Instruction for the entries below: return the part that opens with the line containing "コマンドオーブン勝利Pure Smile エッセンスマスク8枚セット ビタミン 8枚" and closes with the line containing "Nasa spacecraft reveals", exactly, and no pictures.

--- Data section ---

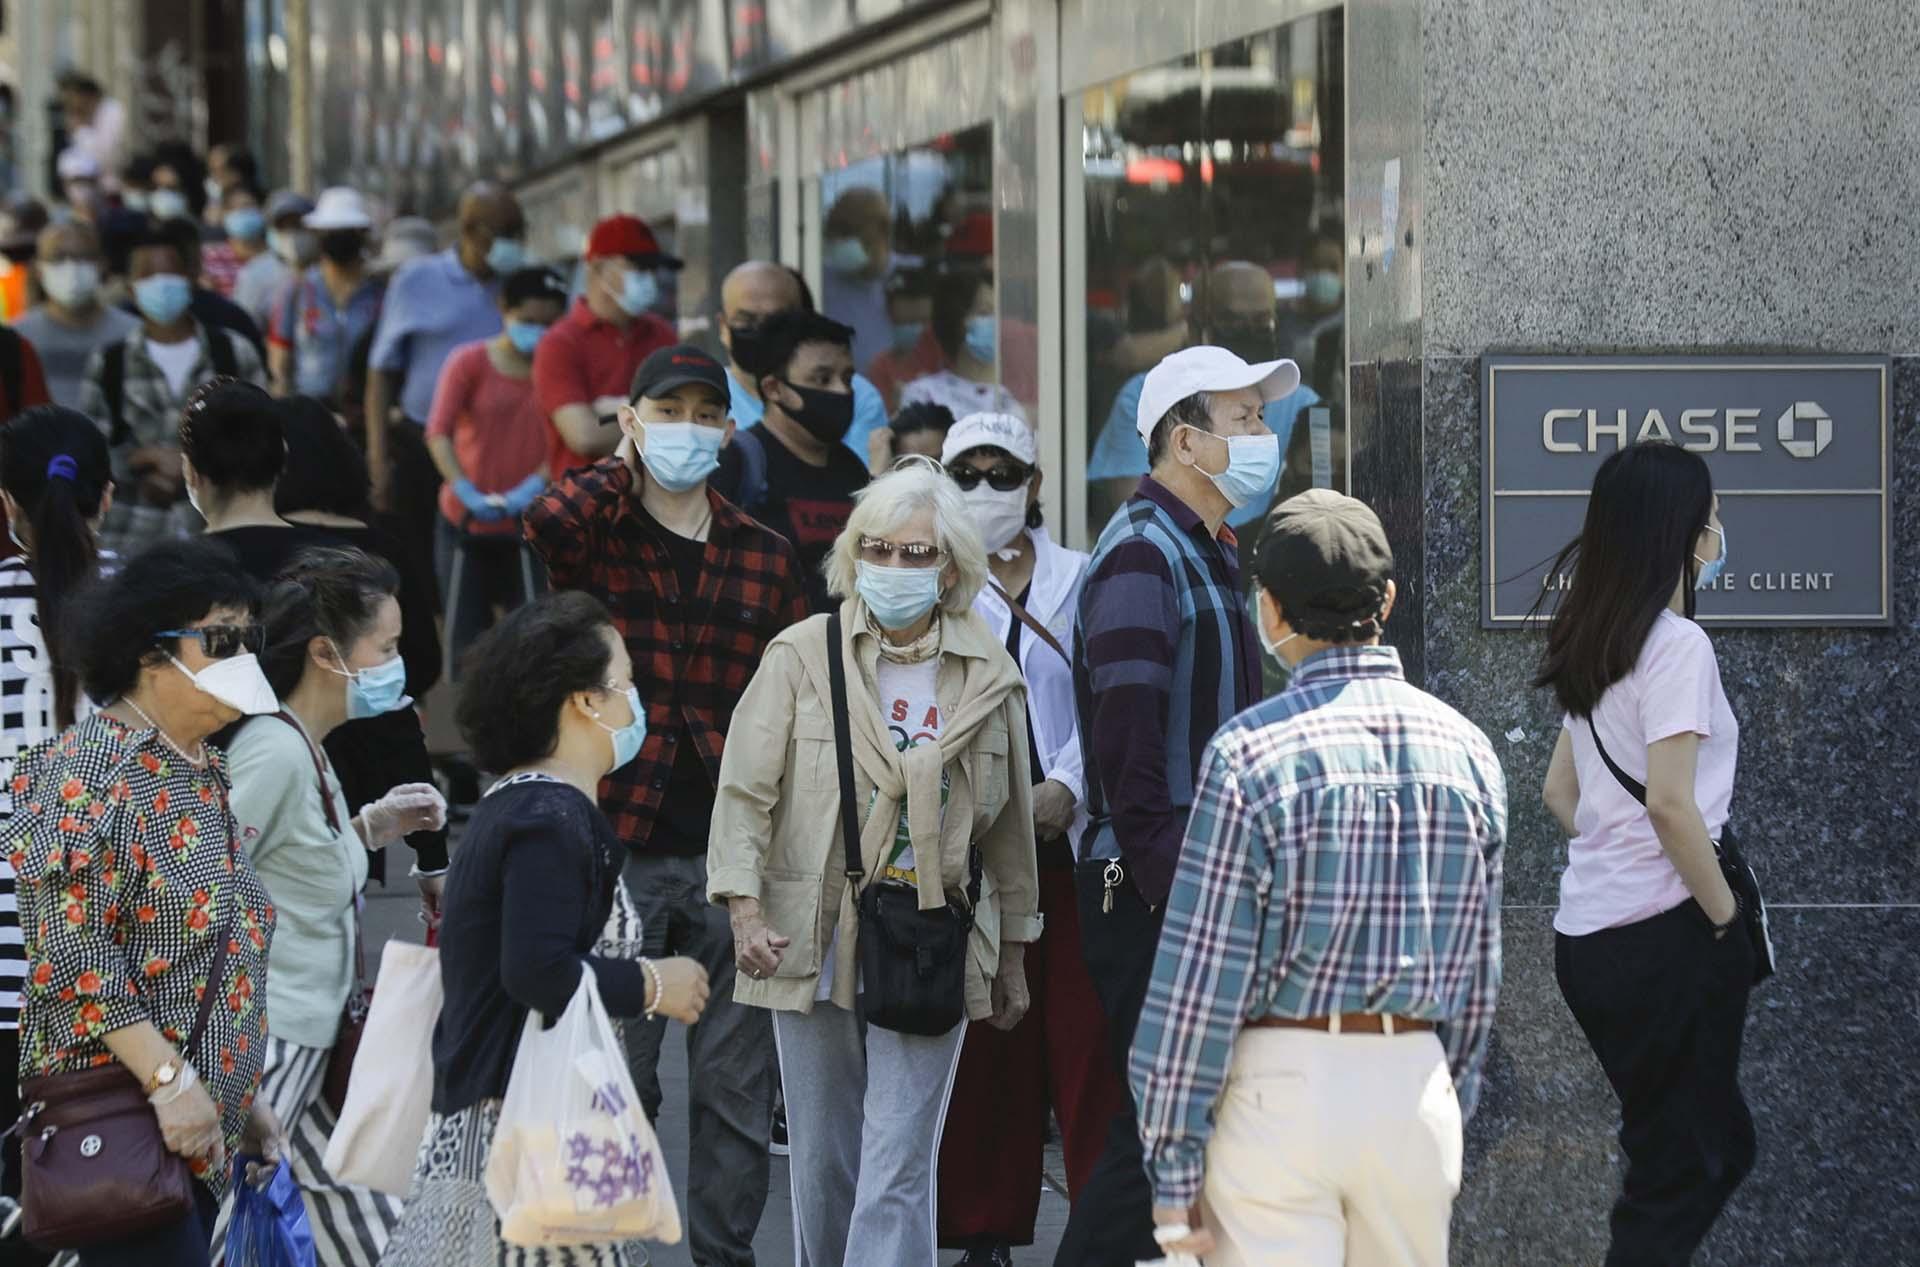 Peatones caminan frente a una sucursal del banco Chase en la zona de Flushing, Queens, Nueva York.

---
--- Data section ---

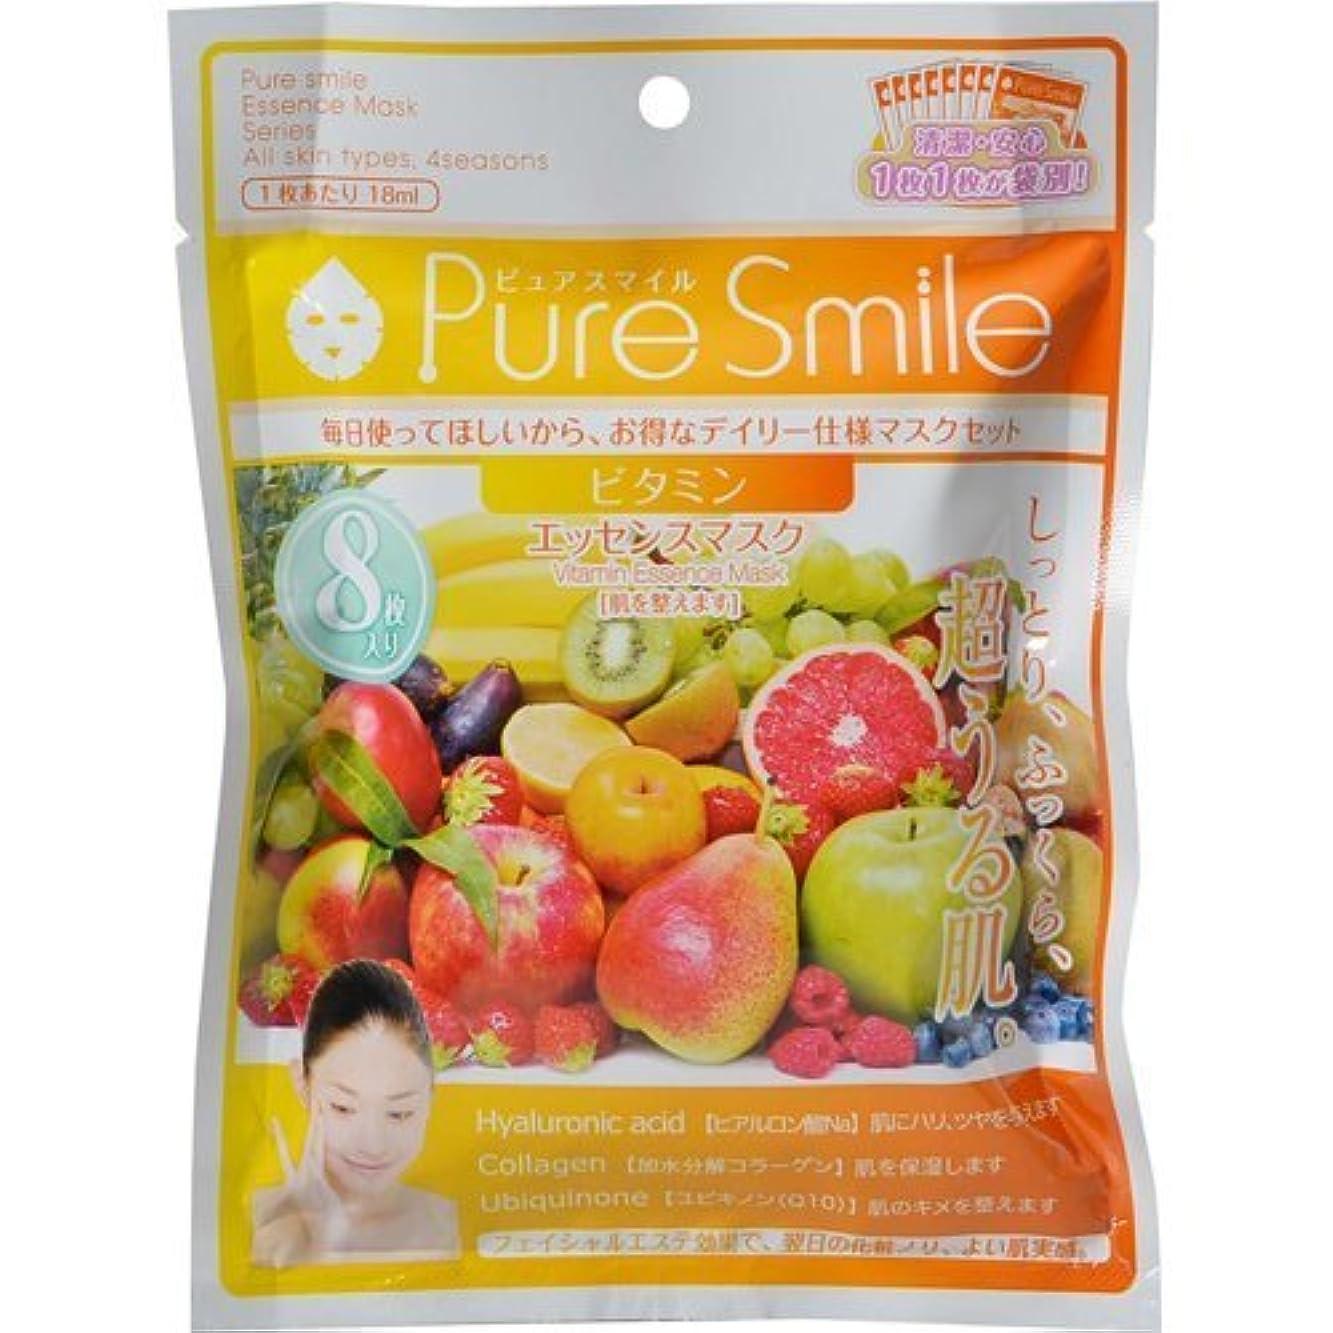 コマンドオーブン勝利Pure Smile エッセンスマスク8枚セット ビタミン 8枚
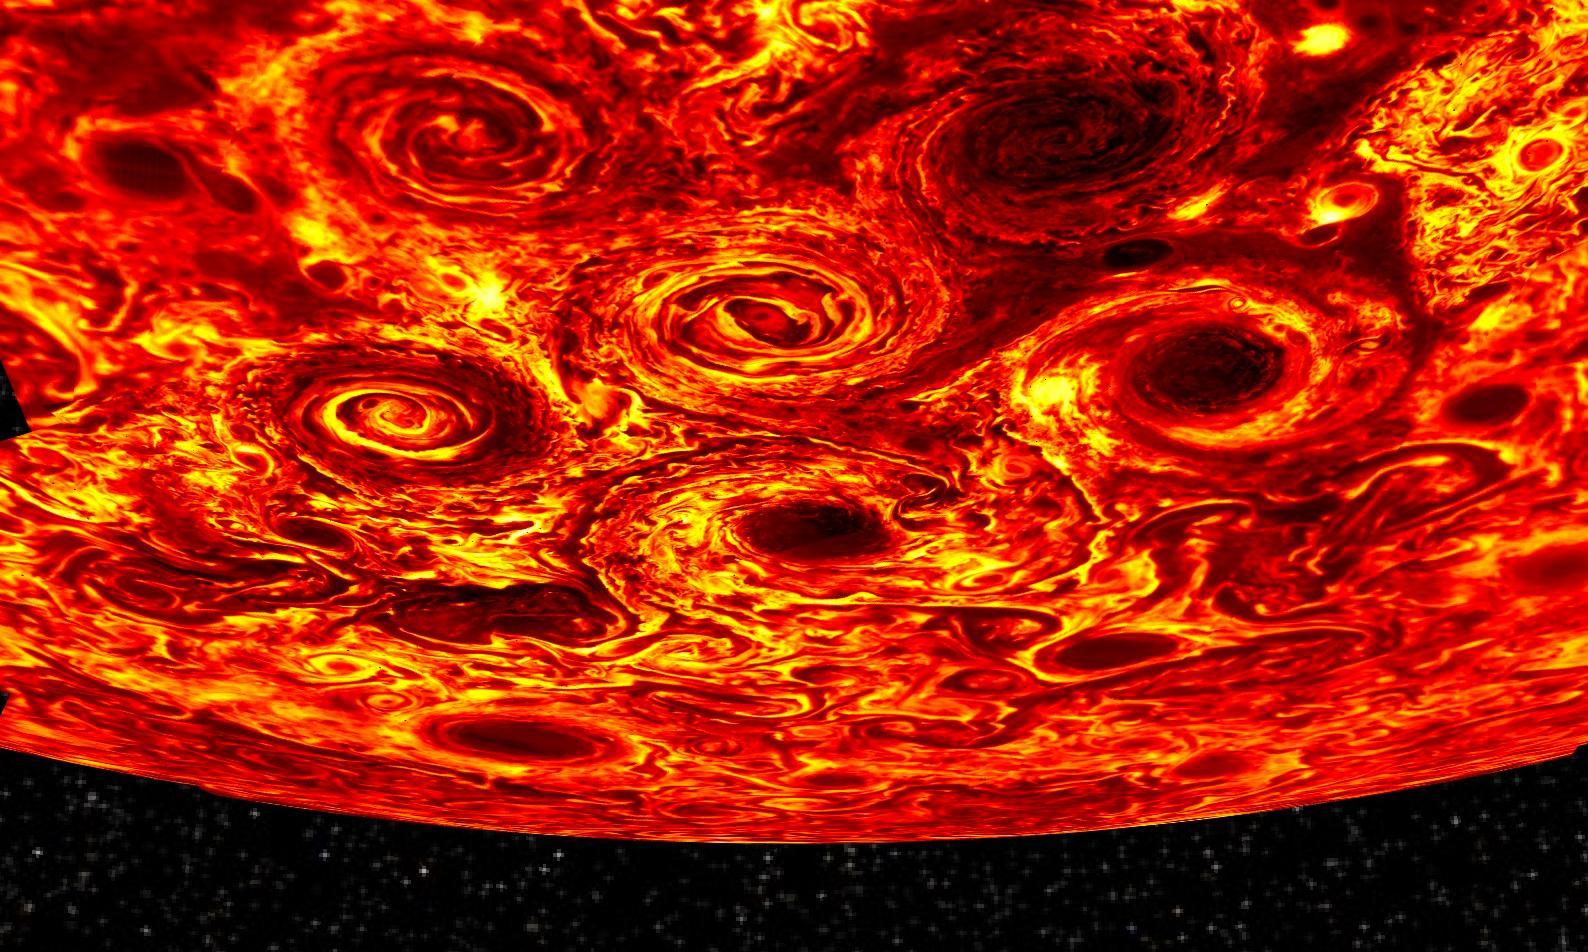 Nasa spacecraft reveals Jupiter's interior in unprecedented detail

---
--- Data section ---

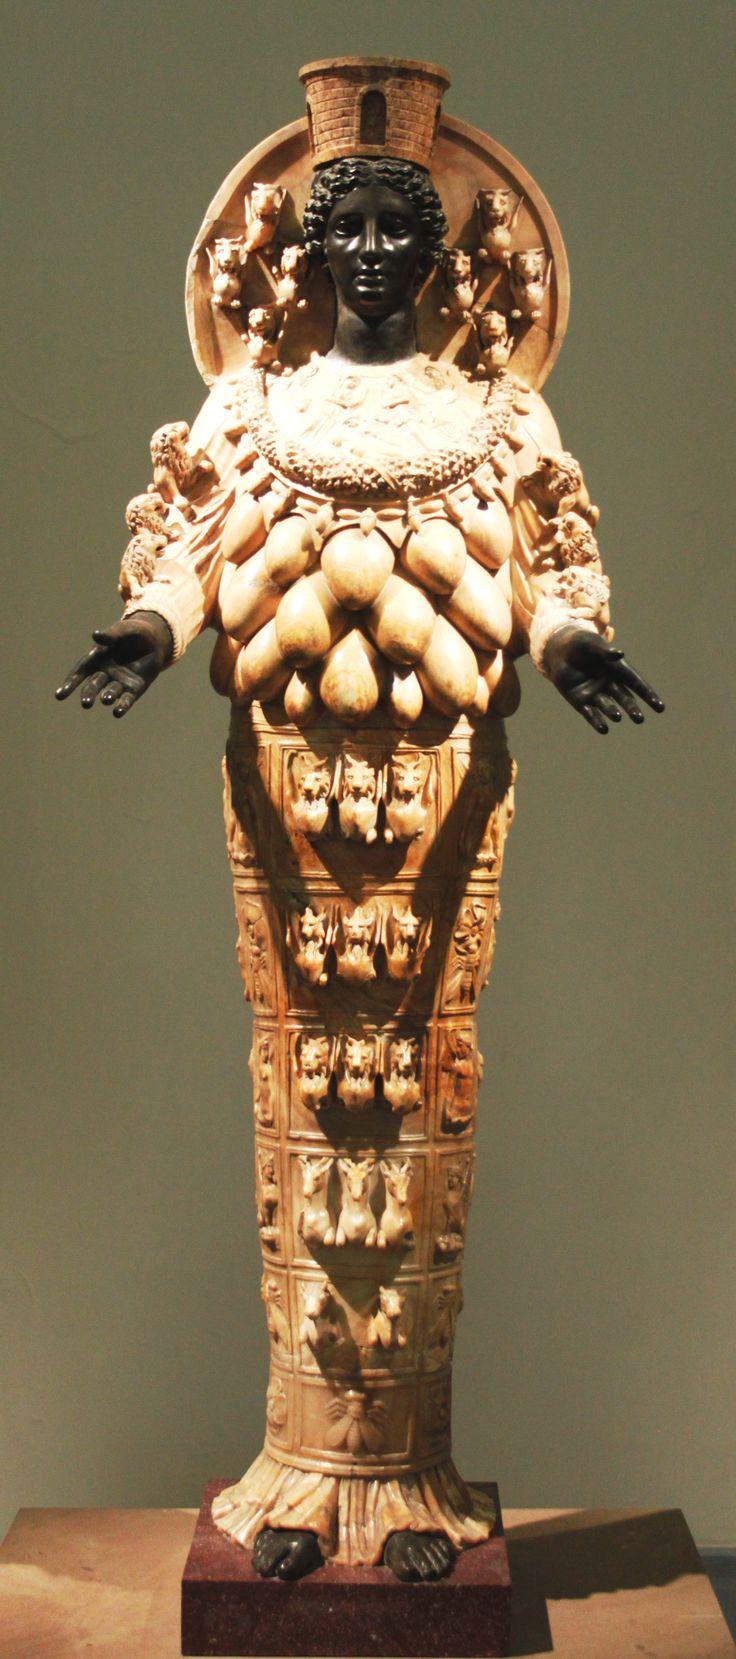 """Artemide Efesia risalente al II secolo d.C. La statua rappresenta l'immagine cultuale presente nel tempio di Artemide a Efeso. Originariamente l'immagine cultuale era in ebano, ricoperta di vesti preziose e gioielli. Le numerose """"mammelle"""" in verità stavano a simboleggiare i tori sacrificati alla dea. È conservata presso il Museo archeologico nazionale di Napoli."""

---

# [Response for this exercise]
 コマンドオーブン勝利Pure Smile エッセンスマスク8枚セット ビタミン 8枚
 Nasa spacecraft reveals Jupiter's interior in unprecedented detail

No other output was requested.